Sandboxing

Luau is safe to embed. Broadly speaking, this means that even in the face of untrusted (and in Roblox case, actively malicious) code, the language and the standard library don’t allow any unsafe access to the underlying system, and don’t have any bugs that allow escaping out of the sandbox (e.g. to gain native code execution through ROP gadgets et al). Additionally, the VM provides extra features to implement isolation of privileged code from unprivileged code and protect one from the other; this is important if the embedding environment (Roblox) decides to expose some APIs that may not be safe to call from untrusted code, for example because they do provide controlled access to the underlying system or risk PII exposure through fingerprinting etc.

This safety is achieved through a combination of removing features from the standard library that are unsafe, adding features to the VM that make it possible to implement sandboxing and isolation, and making sure the implementation is safe from memory safety issues using fuzzing.

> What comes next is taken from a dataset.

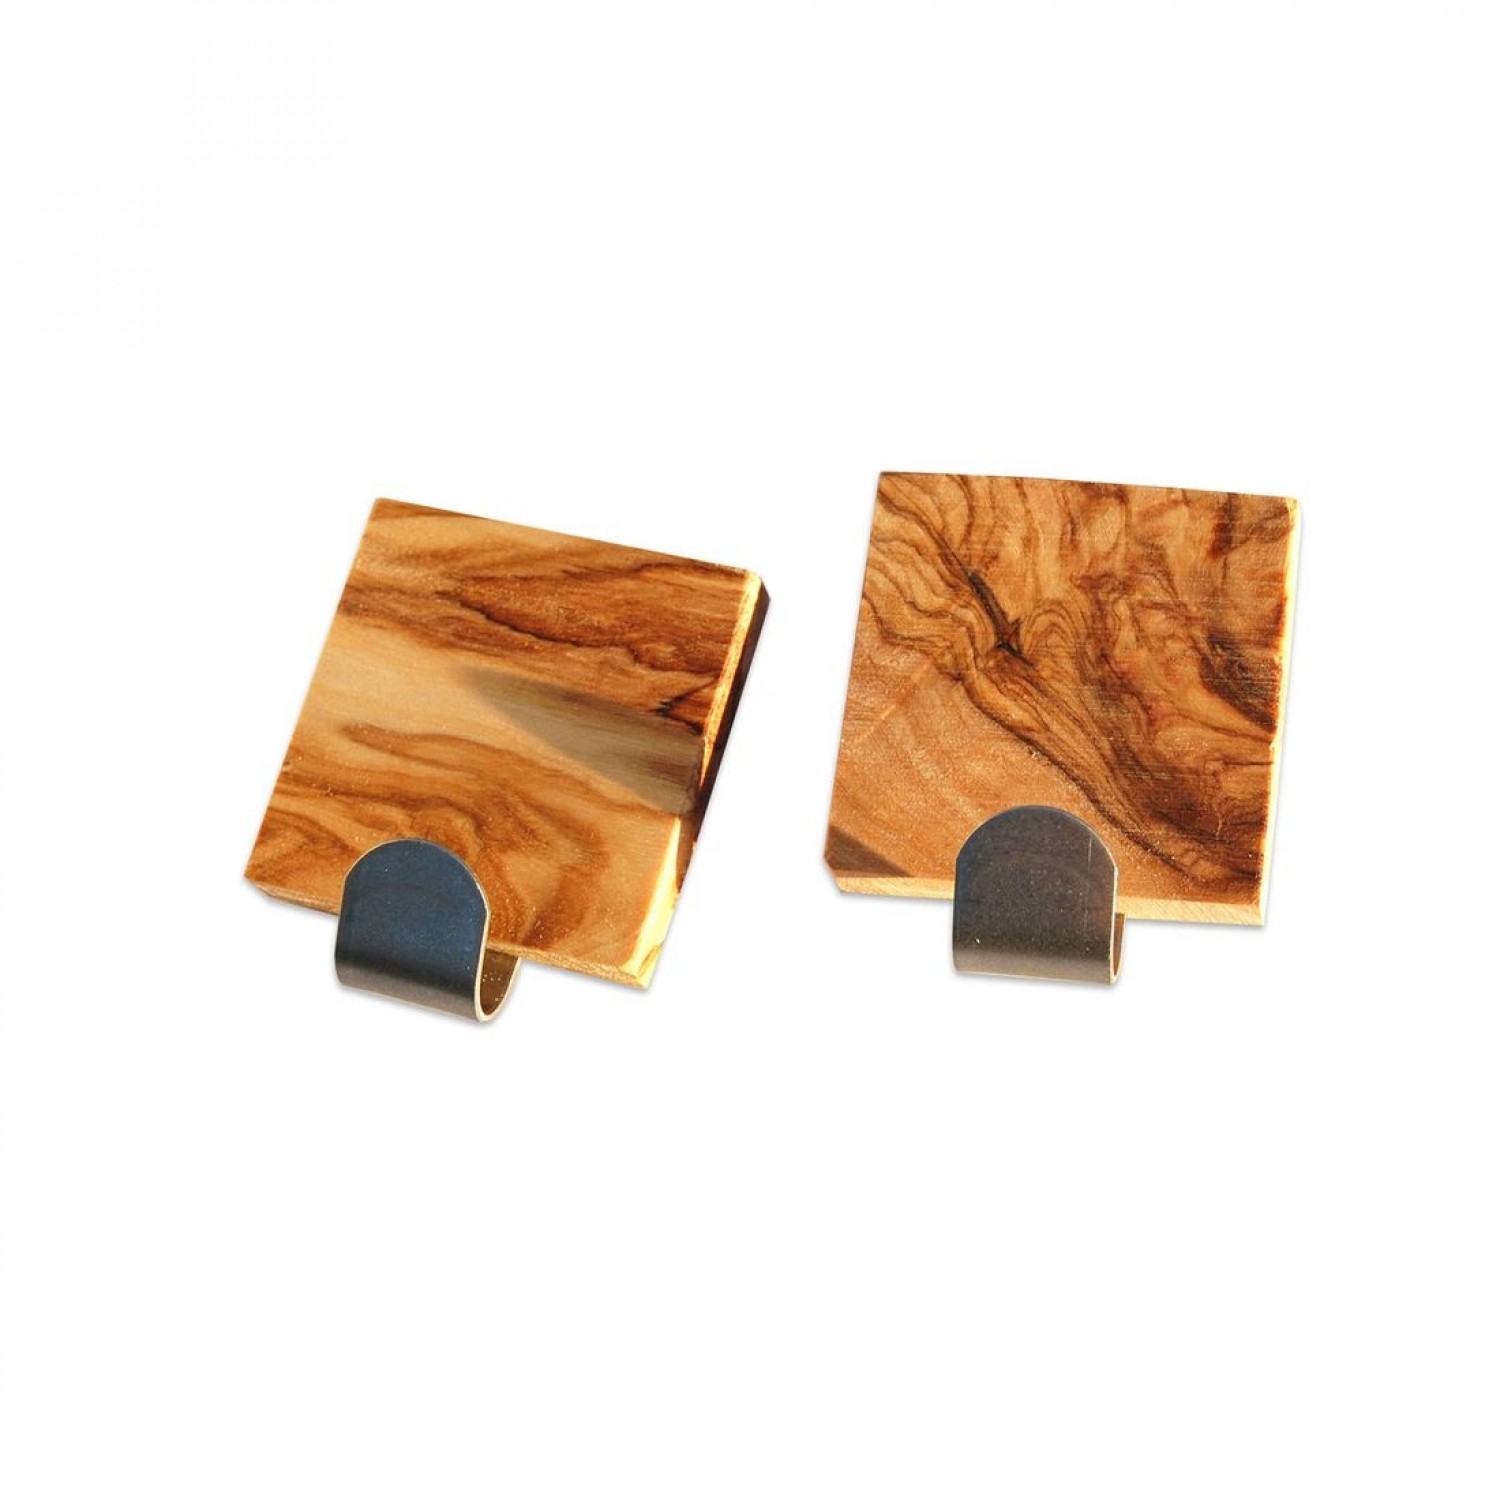 Self-Adhesive Hook Olive Wood, without motif, set of 2 » D.O.M.
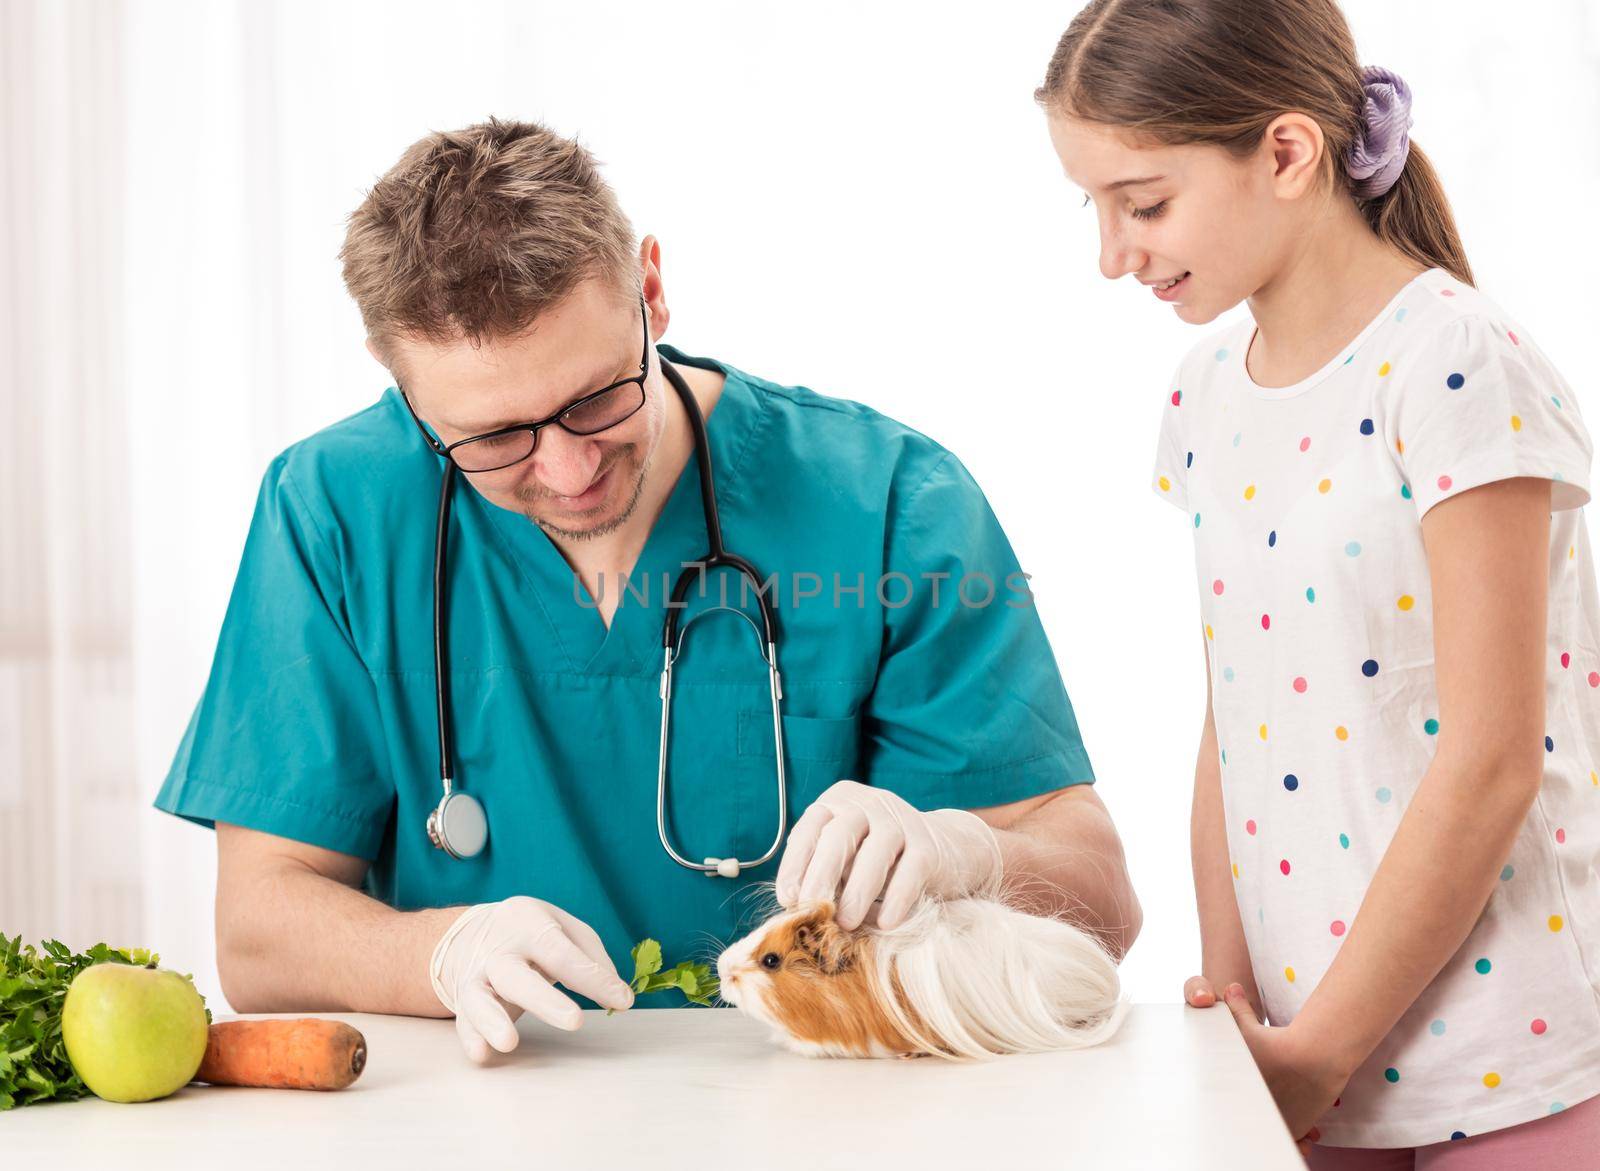 Smart veterinary showing the diet of peruwian guinea pig to teen girl, isolated on white background

Of course, since the entire stack is implemented in C++, the sandboxing isn’t formally proven - in theory, compiler or the standard library can have exploitable vulnerabilities. In practice these are usually found and fixed quickly. While implementing the stack in a safer language such as Rust would make it easier to provide these guarantees, to our knowledge (based on prior art) this would make it difficult to reach the level of performance required.

Library

Parts of the Lua 5.x standard library are unsafe. Some of the functions provide access to the host operating system, including process execution and file reads. Some functions lack sufficient memory safety checks. Some functions are safe if all code is untrusted, but can break the isolation barrier between trusted and untrusted code.

The following libraries and global functions have been removed as a result:

  • io. library has been removed entirely, as it gives access to files and allows running processes
  • package. library has been removed entirely, as it gives access to files and allows loading native modules
  • os. library has been cleaned up from file and environment access functions (execute, exit, etc.). The only supported functions in the library are clock, date, difftime and time.
  • debug. library has been removed to a large extent, as it has functions that aren’t memory safe and other functions break isolation; the only supported functions are traceback and getinfo (with reduced functionality).
  • dofile and loadfile allowed access to file system and have been removed.

To achieve memory safety, access to function bytecode has been removed. Bytecode is hard to validate and using untrusted bytecode may lead to exploits. Thus, loadstring doesn’t work with bytecode inputs, and string.dump/load have been removed as they aren’t necessary anymore. When embedding Luau, bytecode should be encrypted/signed to prevent MITM attacks as well, as the VM assumes that the bytecode was generated by the Luau compiler (which never produces invalid/unsafe bytecode).

Finally, to make isolation possible within the same VM, the following global functions have reduced functionality:

  • collectgarbage only works with "count" argument, as modifying the state of GC can interfere with the expectations of other code running in the process. As such, collectgarbage() became an inferior version of gcinfo() and is deprecated.
  • newproxy only works with true/false/nil arguments.
  • module allowed overriding global packages and was removed as a result.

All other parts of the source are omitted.